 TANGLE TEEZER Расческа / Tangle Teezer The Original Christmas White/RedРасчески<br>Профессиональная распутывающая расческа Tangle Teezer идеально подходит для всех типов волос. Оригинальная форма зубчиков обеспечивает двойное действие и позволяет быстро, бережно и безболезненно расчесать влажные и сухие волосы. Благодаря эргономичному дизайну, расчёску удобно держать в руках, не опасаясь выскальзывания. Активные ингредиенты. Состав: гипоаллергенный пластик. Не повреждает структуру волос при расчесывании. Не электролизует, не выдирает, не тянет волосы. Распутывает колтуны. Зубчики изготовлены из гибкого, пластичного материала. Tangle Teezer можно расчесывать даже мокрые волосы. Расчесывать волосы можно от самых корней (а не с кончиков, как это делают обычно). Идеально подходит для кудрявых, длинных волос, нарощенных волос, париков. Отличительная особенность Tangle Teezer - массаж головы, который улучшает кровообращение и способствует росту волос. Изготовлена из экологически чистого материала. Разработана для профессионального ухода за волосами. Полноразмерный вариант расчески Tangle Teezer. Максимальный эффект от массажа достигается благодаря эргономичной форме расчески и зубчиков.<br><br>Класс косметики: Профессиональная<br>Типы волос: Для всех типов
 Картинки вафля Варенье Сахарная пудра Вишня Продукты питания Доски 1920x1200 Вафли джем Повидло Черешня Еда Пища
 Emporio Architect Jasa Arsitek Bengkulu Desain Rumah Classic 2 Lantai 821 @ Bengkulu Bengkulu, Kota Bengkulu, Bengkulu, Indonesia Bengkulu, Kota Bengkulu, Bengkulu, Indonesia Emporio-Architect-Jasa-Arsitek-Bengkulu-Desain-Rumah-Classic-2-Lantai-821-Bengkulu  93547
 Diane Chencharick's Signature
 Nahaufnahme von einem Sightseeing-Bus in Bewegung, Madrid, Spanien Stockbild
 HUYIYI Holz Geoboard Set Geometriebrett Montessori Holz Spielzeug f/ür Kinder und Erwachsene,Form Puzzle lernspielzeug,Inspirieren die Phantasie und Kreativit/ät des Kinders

§

What is being asked =
Using the data above, transcribe the lines that run from the line with "Emporio Architect Jasa" to the line with "Nahaufnahme von einem", both ends kept, and output nothing else.

Written solution =
 Emporio Architect Jasa Arsitek Bengkulu Desain Rumah Classic 2 Lantai 821 @ Bengkulu Bengkulu, Kota Bengkulu, Bengkulu, Indonesia Bengkulu, Kota Bengkulu, Bengkulu, Indonesia Emporio-Architect-Jasa-Arsitek-Bengkulu-Desain-Rumah-Classic-2-Lantai-821-Bengkulu  93547
 Diane Chencharick's Signature
 Nahaufnahme von einem Sightseeing-Bus in Bewegung, Madrid, Spanien Stockbild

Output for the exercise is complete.